The continued improvement in single-cell technologies will require further development of computational methods for analysing the data they produce, building on the significant work that has already been done. As bigger datasets become more common, tools will need to be carefully engineered to handle the computational workload. Bigger studies will also require methods to integrate multiple samples and different types of data. This has already become a significant area of research but it is a difficult problem and I expect it will take some time for the robustness and effectiveness of these methods to be established.

As I have discussed throughout my thesis, deciding which methods to use for various tasks is a crucial part of scRNA-seq analysis. Currently these decisions are largely made based on the analyst’s experience and intuition, what is common practice and how easy tools are to install and use. Benchmarking and comparison studies are vital for helping to understand which tools are effective, but they can be difficult and time consuming to perform. For some analysis tasks, such as differential expression testing, there are established evaluation metrics that can be used, but for others, such as ordering of cells or integration of datasets, it is less clear how to measure performance. Developing new metrics is vital for informative comparisons. As more benchmarking studies are performed, I hope the field crystallises around an established set of methods for common tasks and energy can be redirected towards alternative approaches, performing complex and novel analyses and improving the quality, usability and efficiency of existing tools.

Even when scRNA-seq analysis methods are reliable and effective, interpreting their results can be difficult and requires the input of a domain expert. Often there is a somewhat circular process where established knowledge is used to evaluate results from what is supposed to be an unsupervised process. To some degree this is the result of the novelty of the field and a reluctance to trust unfamiliar methods, but it is also true that we are looking at biology at a new resolution and this is challenging our current understanding. Large scale profiling projects such as the Human Cell Atlas will make interpretation easier by providing a reference to test against. When it is easier to assign identities to cells, it will become more practical to perform designed experiments such as studies that investigate the effect of a drug in a target cell type in a particular tissue. This has already begun to happen as exploratory analyses have been completed on many tissues. However, building these reference atlases is an extremely difficult task that will take many years and a well-coordinated global effort. Developing methods that best make use of these references will also require significant research but that is an effort that is already underway.
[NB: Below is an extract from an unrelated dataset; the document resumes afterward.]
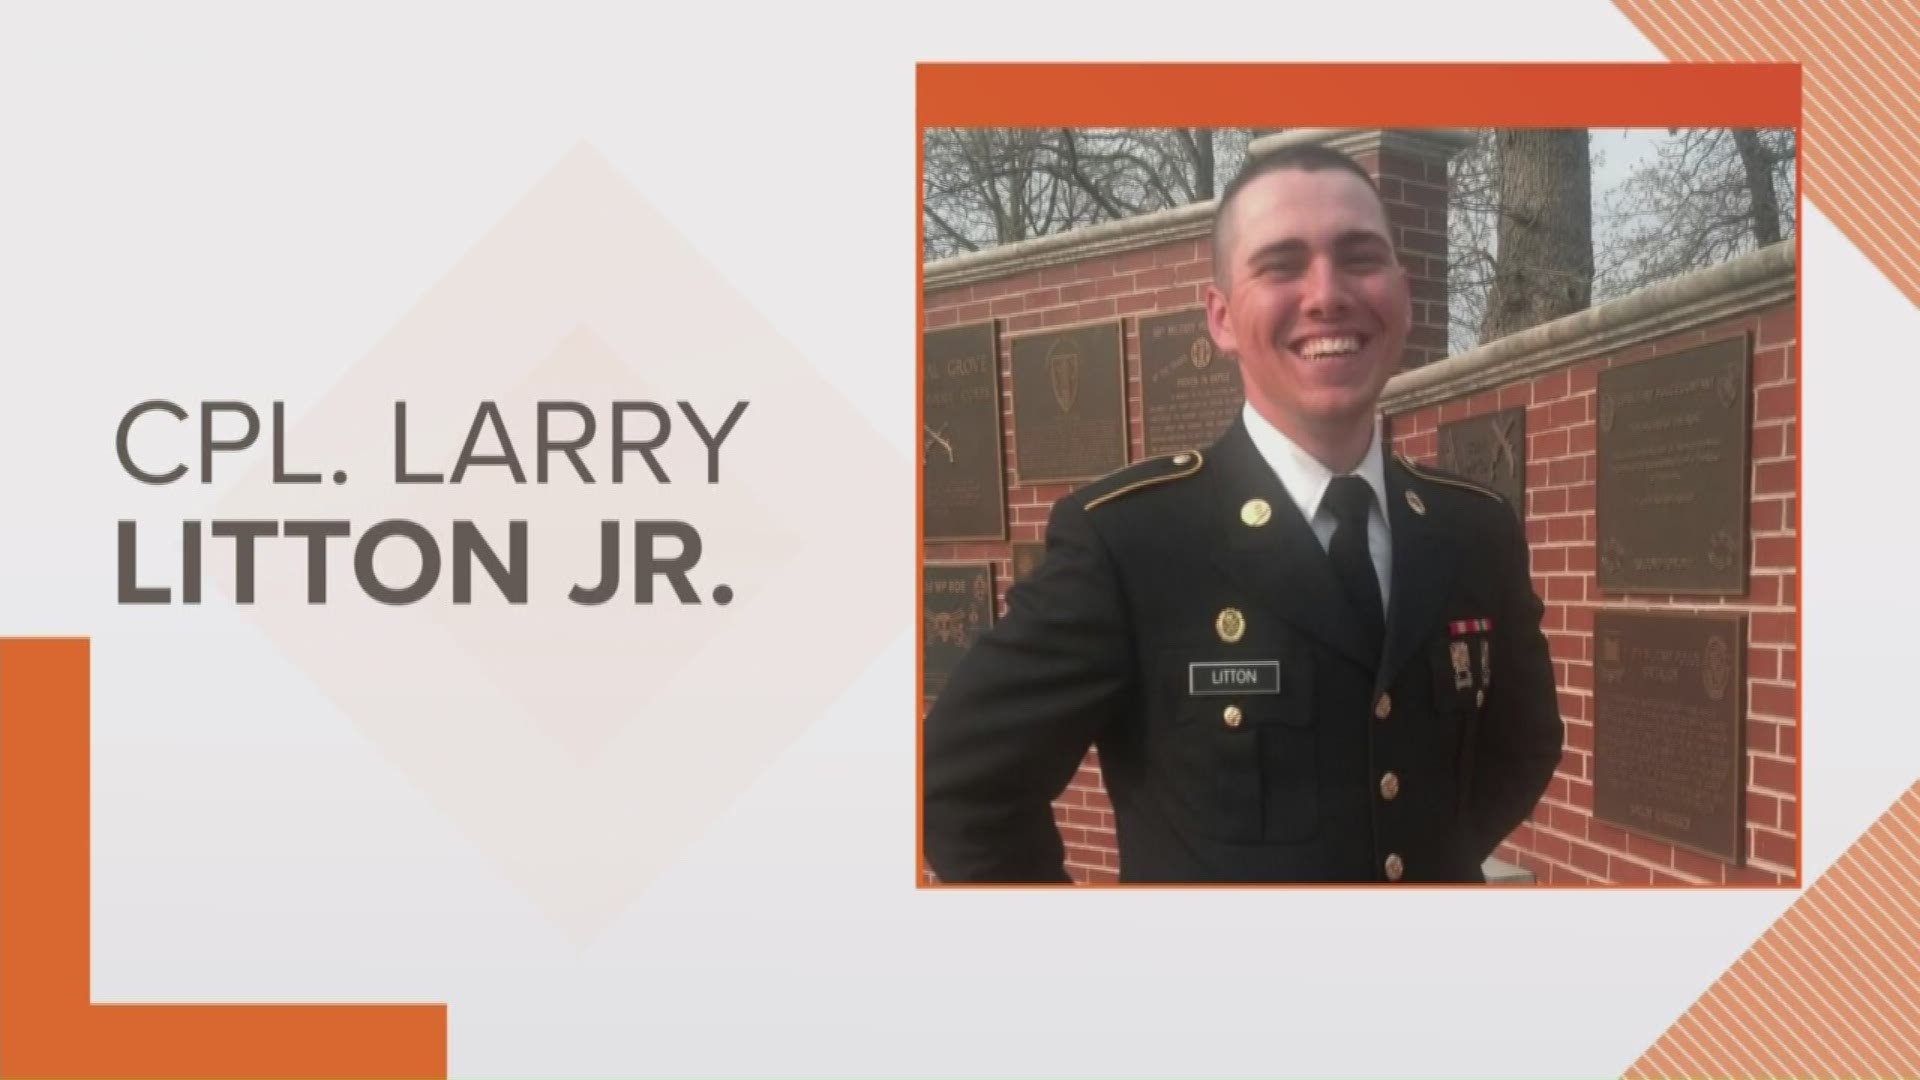 Officials say 29-year-old Corporal Larry Litton Junior of Martinsville, Indiana was found unresponsive December 7 at Muscatatuck Urban Training Center.

Single-cell RNA sequencing is an exciting technology that has opened up a world of possibilities, but we are still at the early stages of working out how best to use it. My contribution to this effort is in building a database that tracks the analysis tools that are available, and developing simulation software that can be used to evaluate methods. As well as deciding which tool to use, analysts need to choose parameters for those they select and I have developed a visualisation that can help choose parameters that change clustering resolution. I have also contributed to the biological literature by performing the computational analysis in a study that profiled the cell types present in kidney organoids and exploring how the decisions made during this analysis could affect the results and how they are interpreted. Overall I believe I have made a significant contribution to the emerging field of single-cell RNA sequencing data analysis during my PhD.